Recorded data:
= = = = = = =

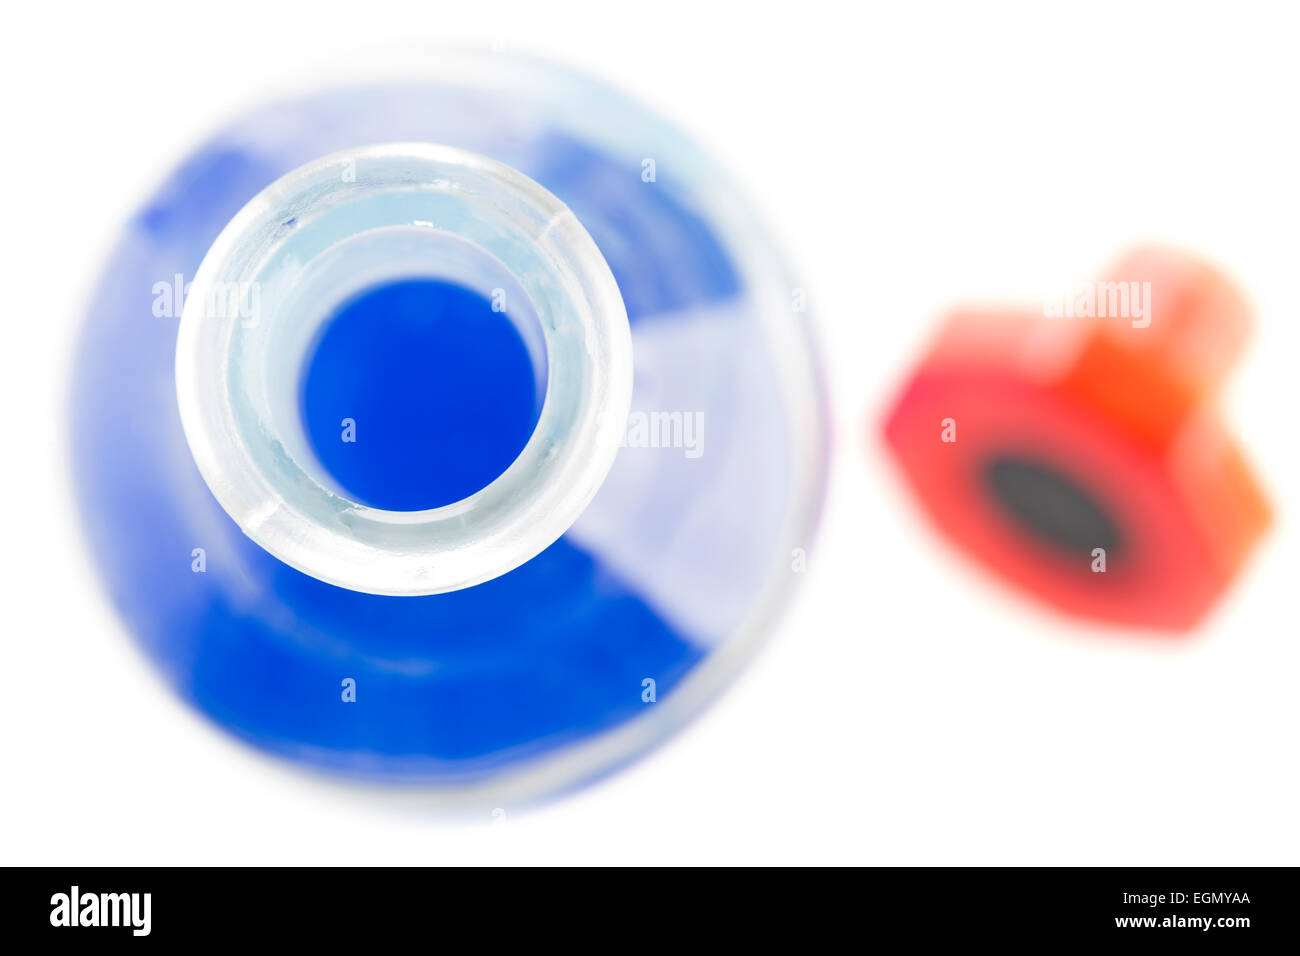 Bottle with blue Liquid from above, with red stopper out of focus. Stock Photo
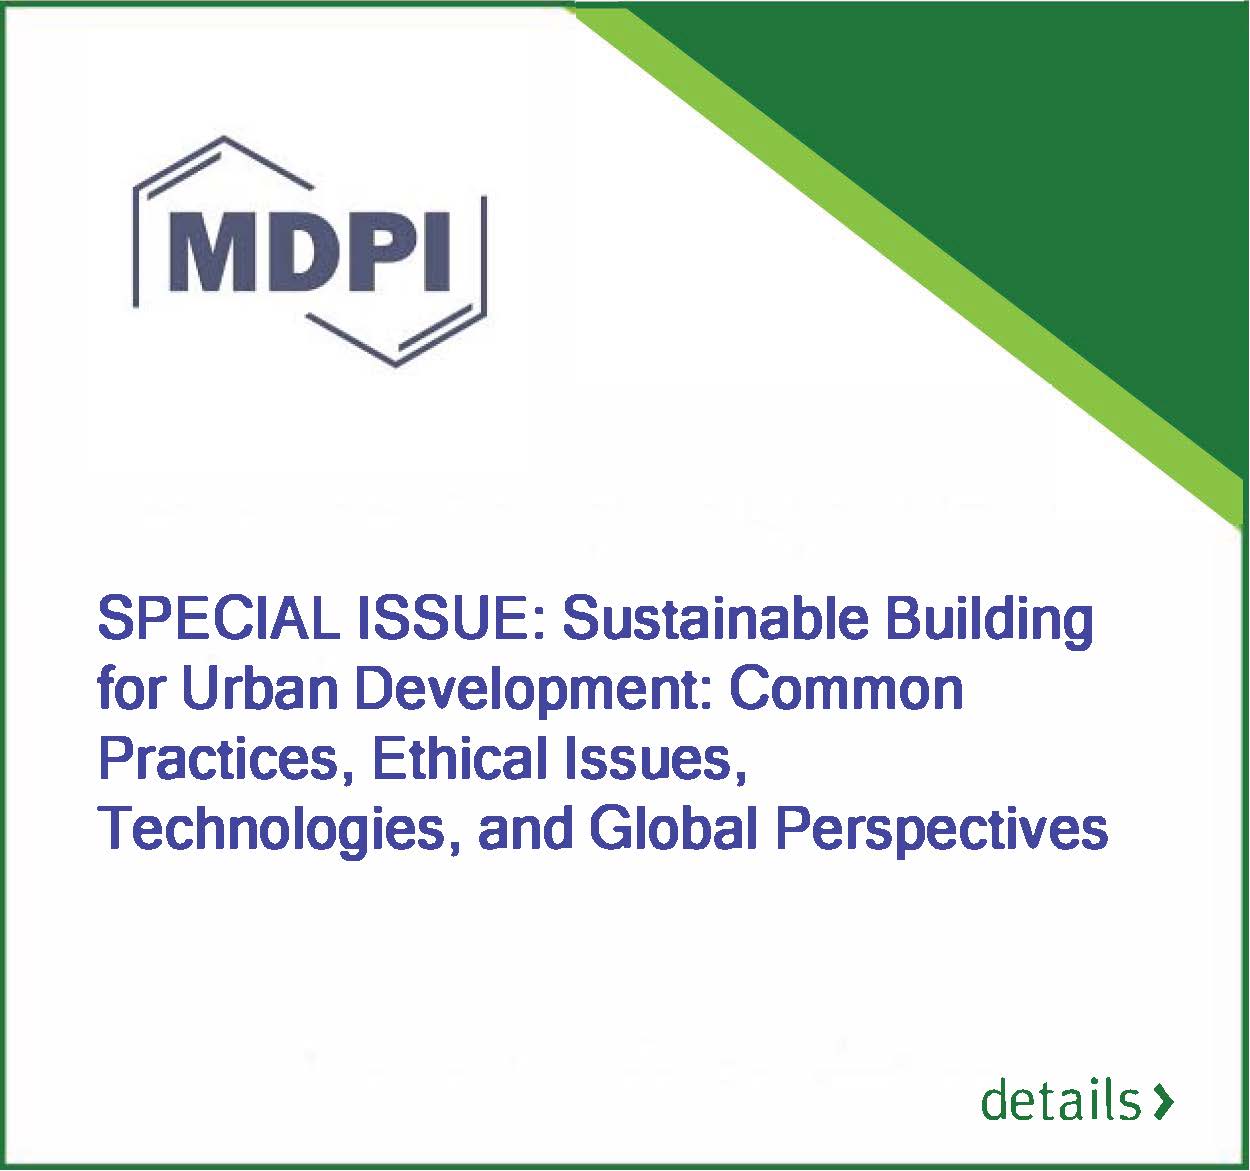 Sustainable Building for Urban Development: Common Practices, Ethical Issues, Technologies, and Global Perspectives
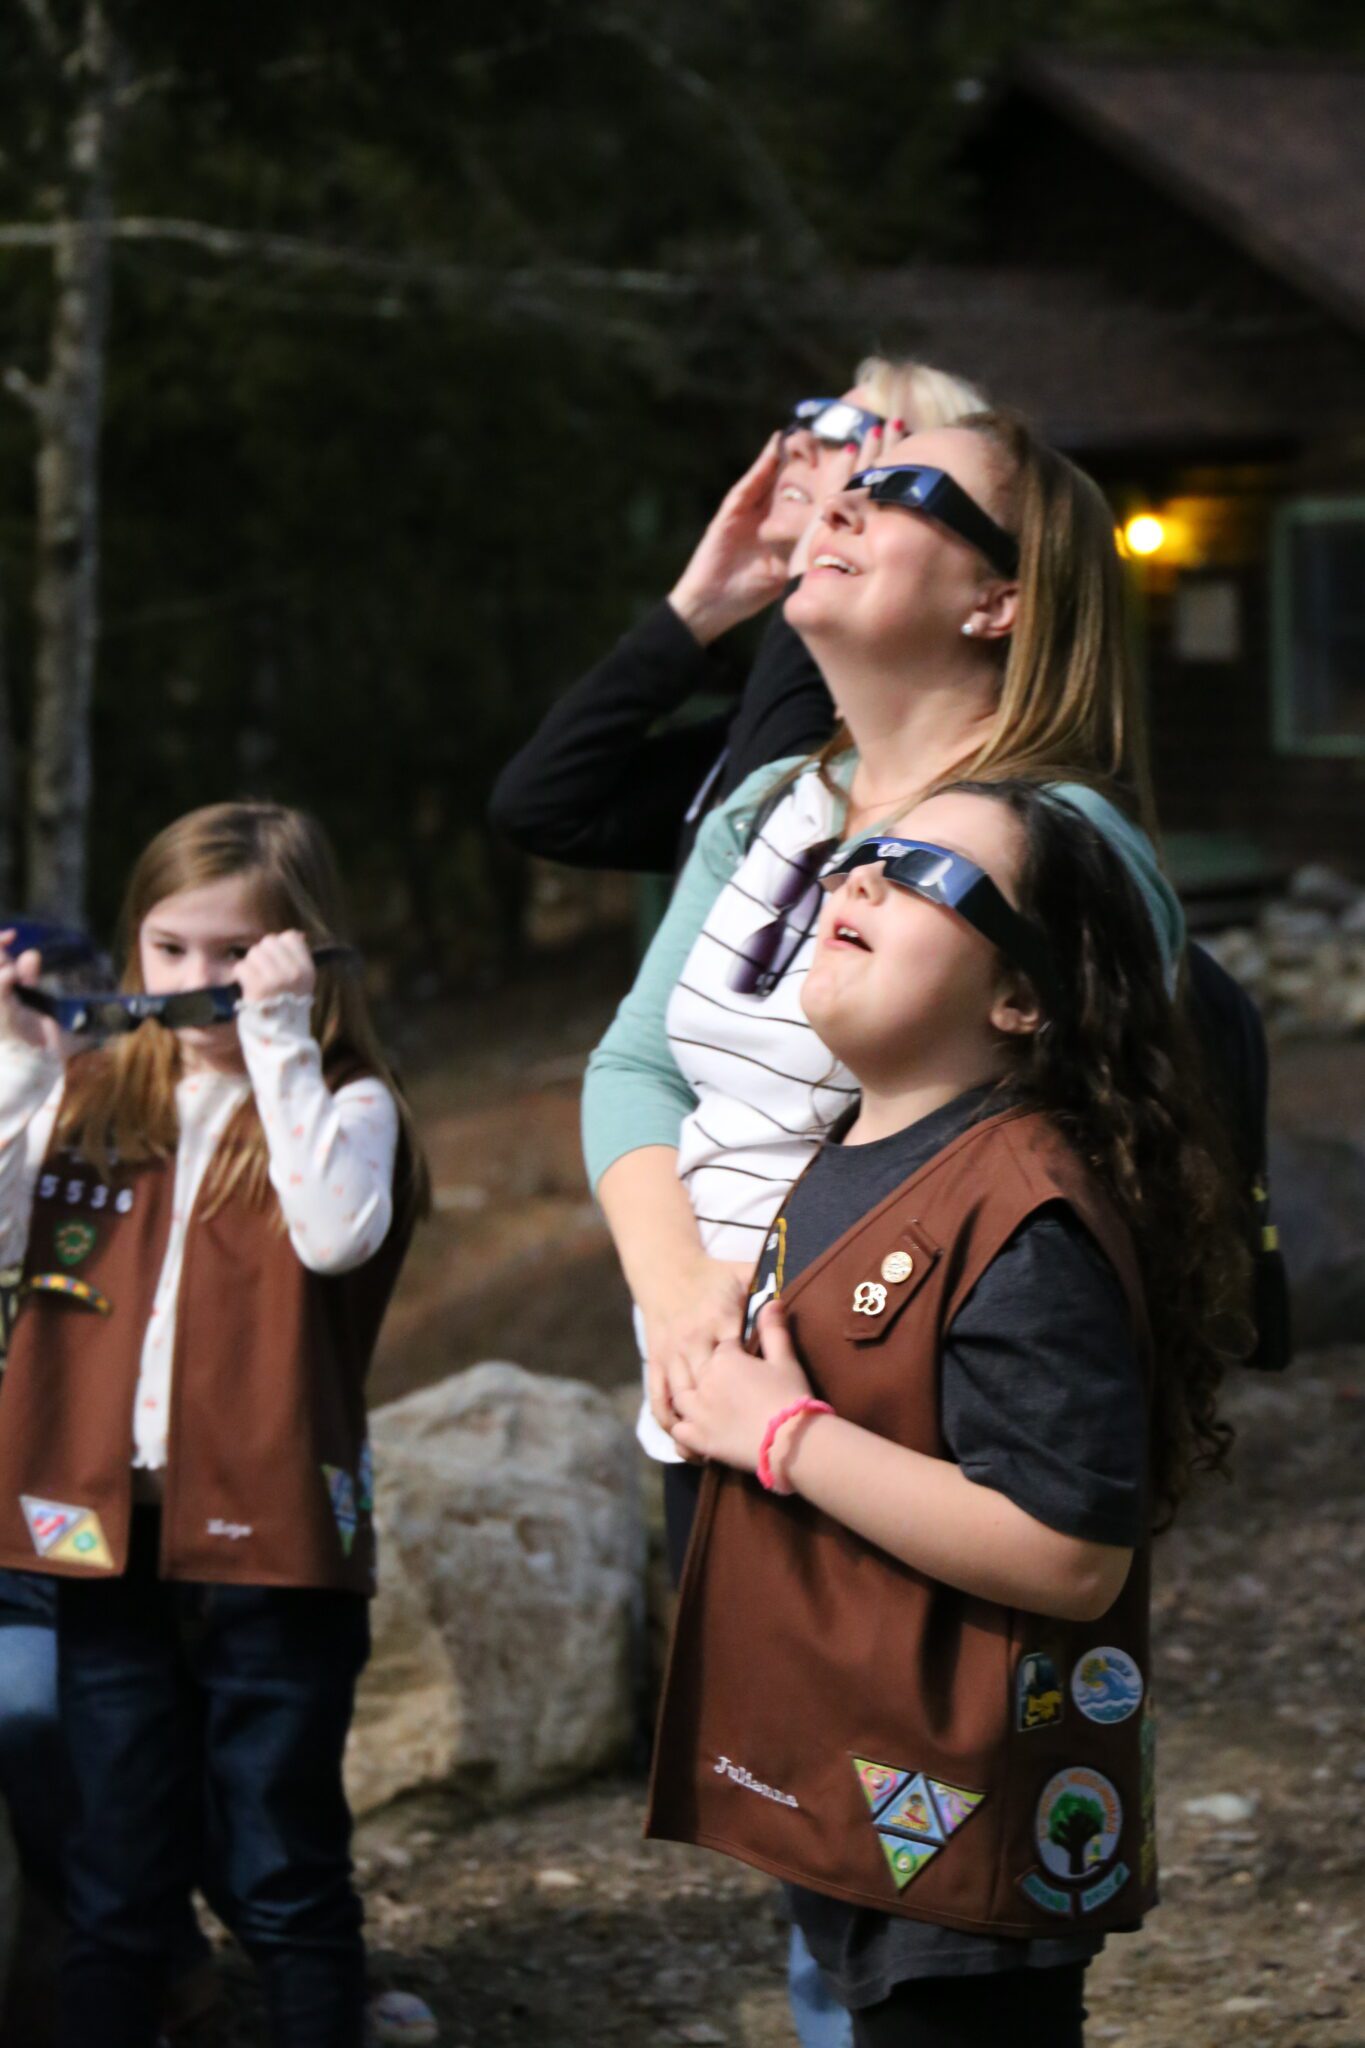 Eight-year-old Julianna Notaro, a Brownie from Wynantskill, watches the solar eclipse with her mother on Monday at Hidden Lake Girl Scout Camp in Lake Luzerne.

= = = = = = =

What needs to be done:
Each line above should be written out again exactly, without any image.

Result for this task:
 Bottle with blue Liquid from above, with red stopper out of focus. Stock Photo
 Sustainable Building for Urban Development: Common Practices, Ethical Issues, Technologies, and Global Perspectives
 Eight-year-old Julianna Notaro, a Brownie from Wynantskill, watches the solar eclipse with her mother on Monday at Hidden Lake Girl Scout Camp in Lake Luzerne.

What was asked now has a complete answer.